▶ _TASK_: Your response is a verbatim copy of the listing, stripped of its images.

▶ _SUPPLIED DATA_:
[Start of Attachment]

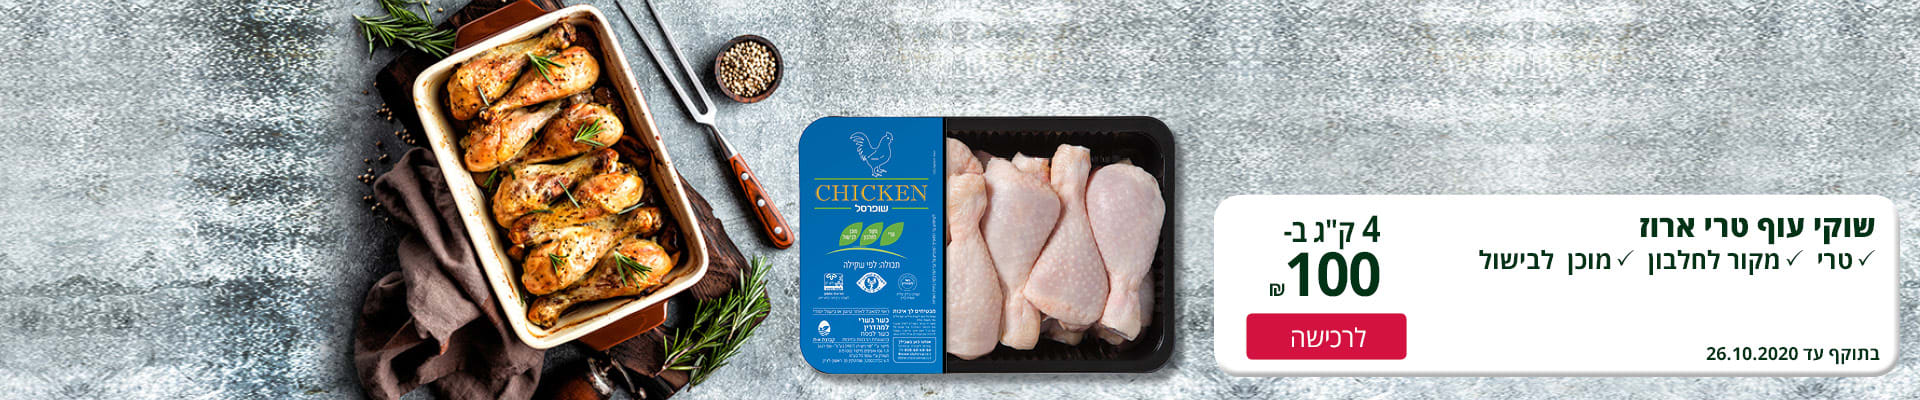 """שוקי עוף טרי ארוז מקור לחלבון ומוכן לבישול 4 ק""""ג ב-100 ₪. בתוקף עד 26.10.2020"""
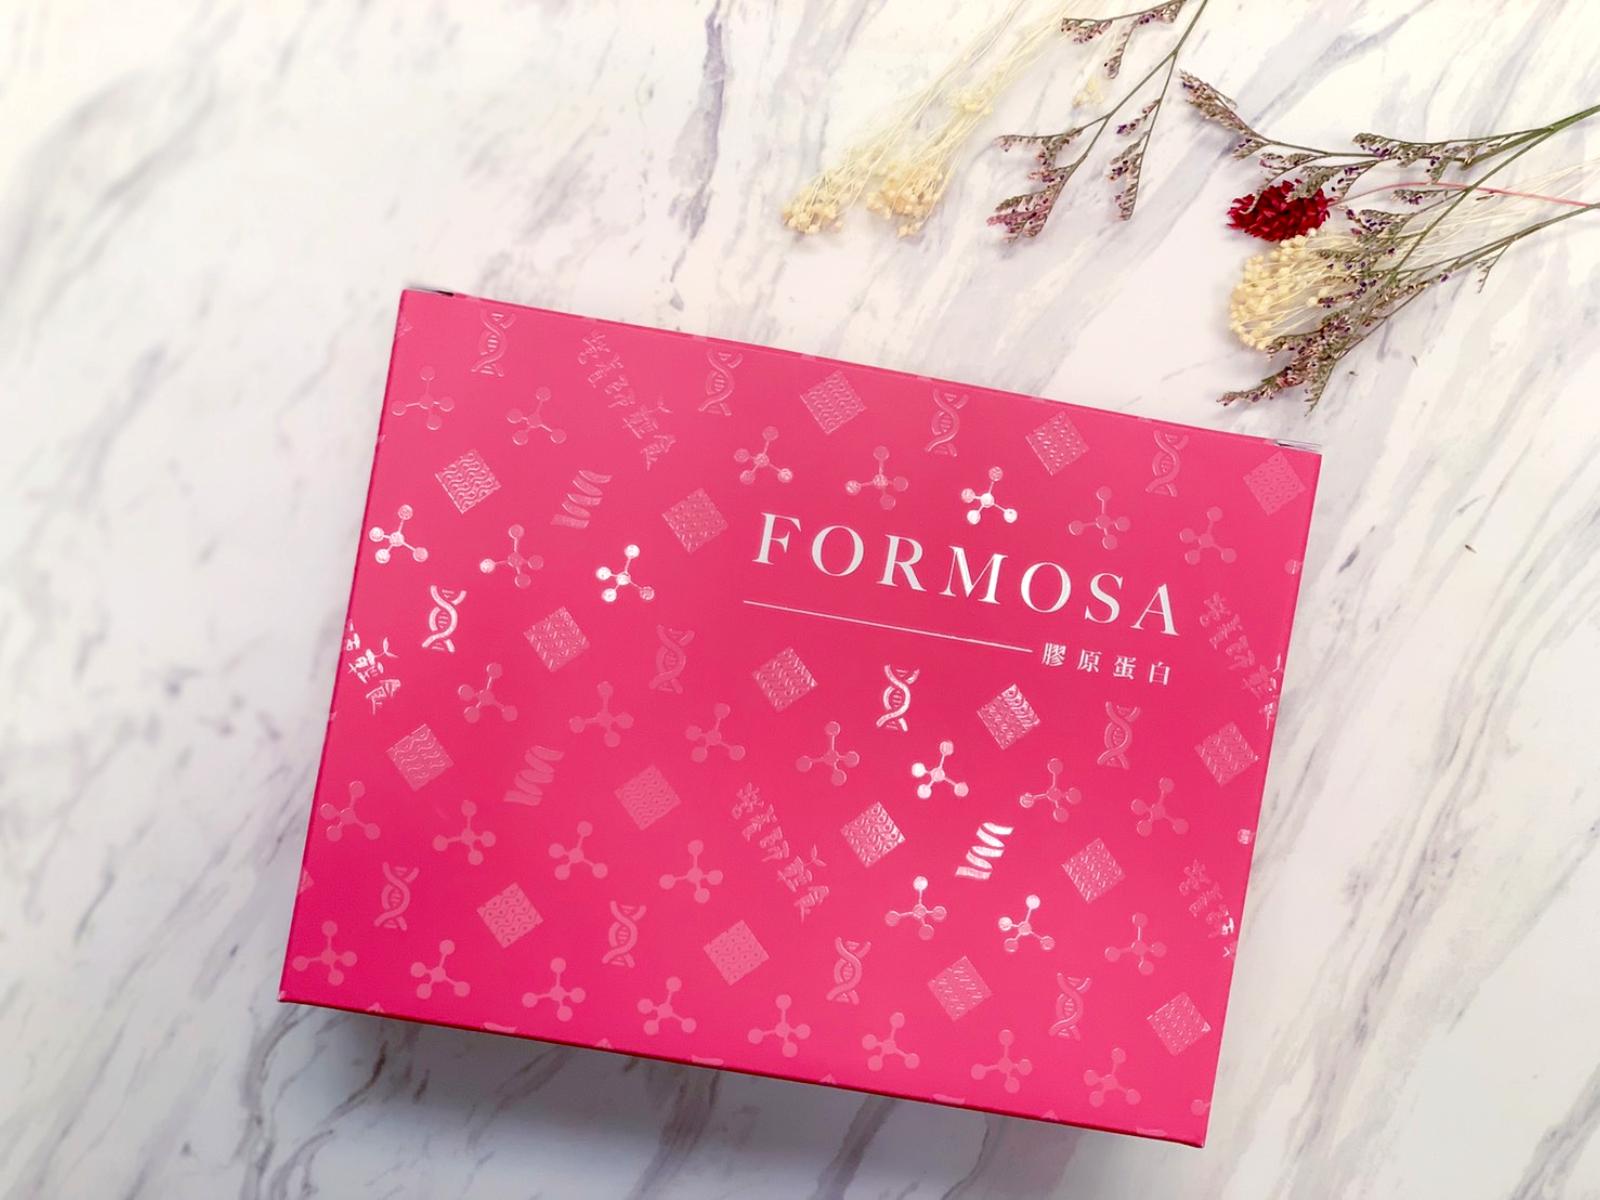 膠原蛋白粉怎麼吃?Formosa 膠原蛋白推薦|食用好處、方法一次全公開!
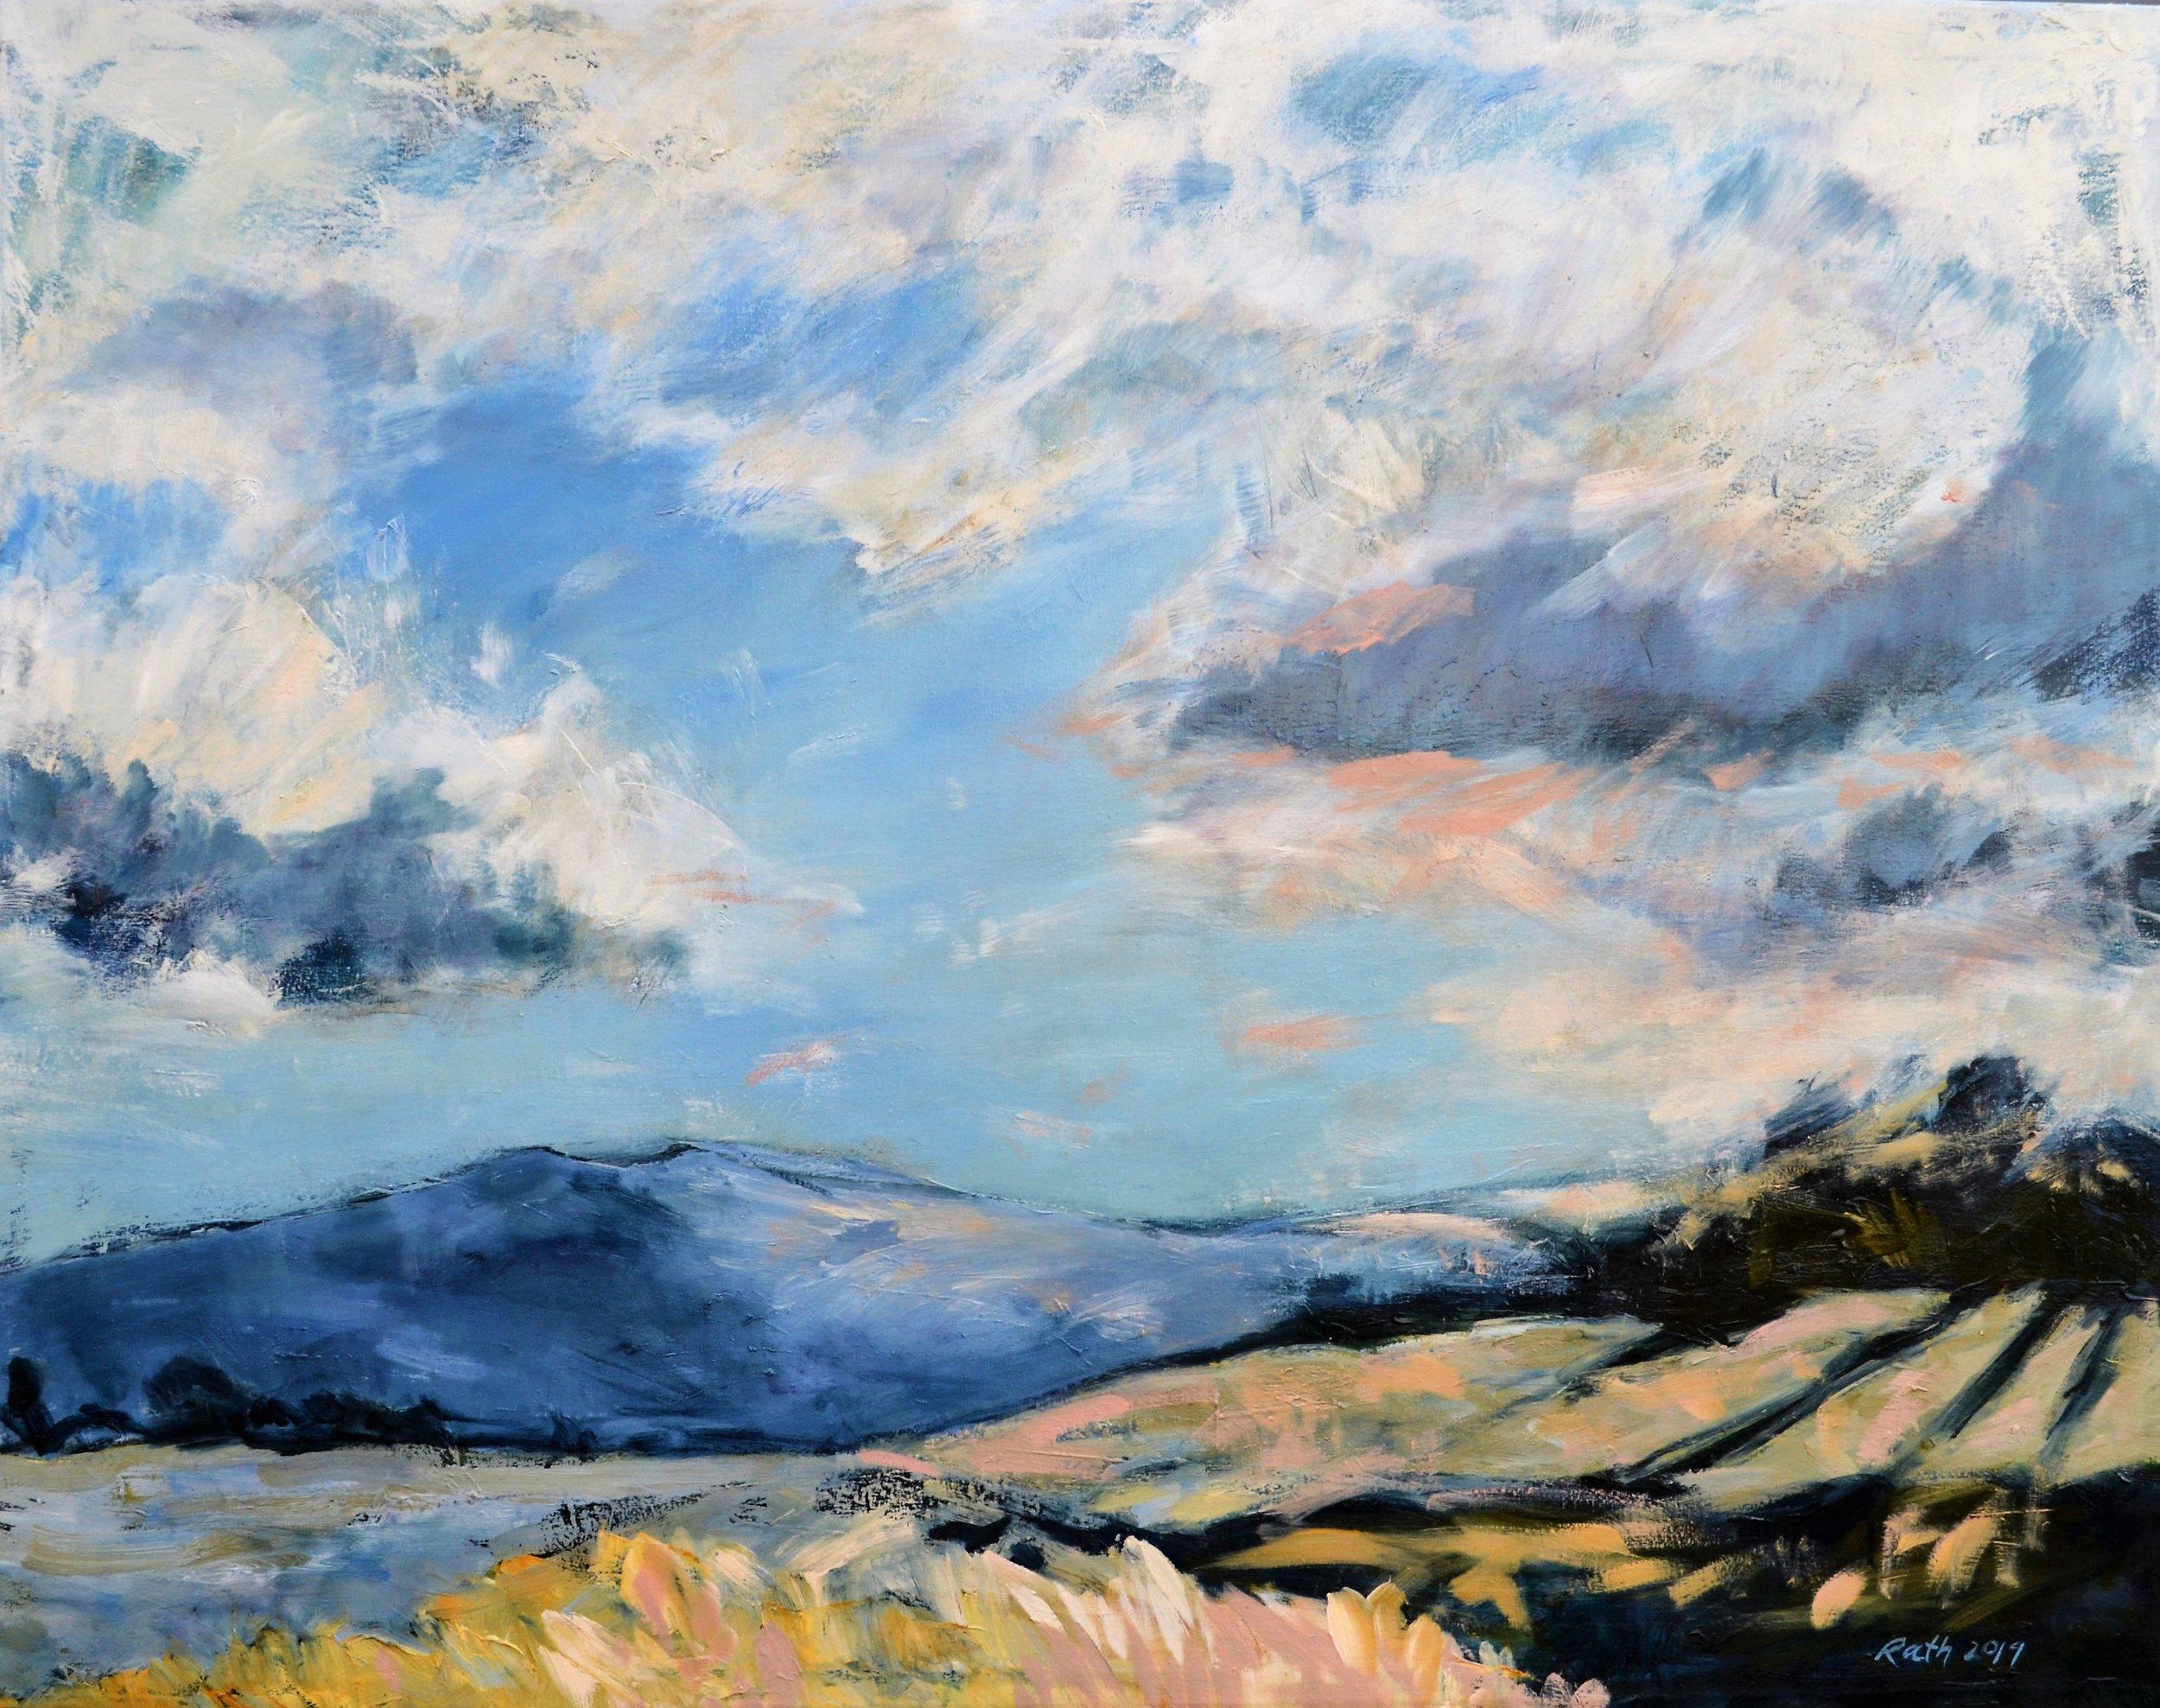 evening light on teddys hill oil on canvas 90 x 120 cm.JPG

[End of Attachment]

▶ _ANSWER BOX_:
 """שוקי עוף טרי ארוז מקור לחלבון ומוכן לבישול 4 ק""""ג ב-100 ₪. בתוקף עד 26.10.2020"""
 膠原蛋白粉怎麼吃?Formosa 膠原蛋白推薦|食用好處、方法一次全公開!
 evening light on teddys hill oil on canvas 90 x 120 cm.JPG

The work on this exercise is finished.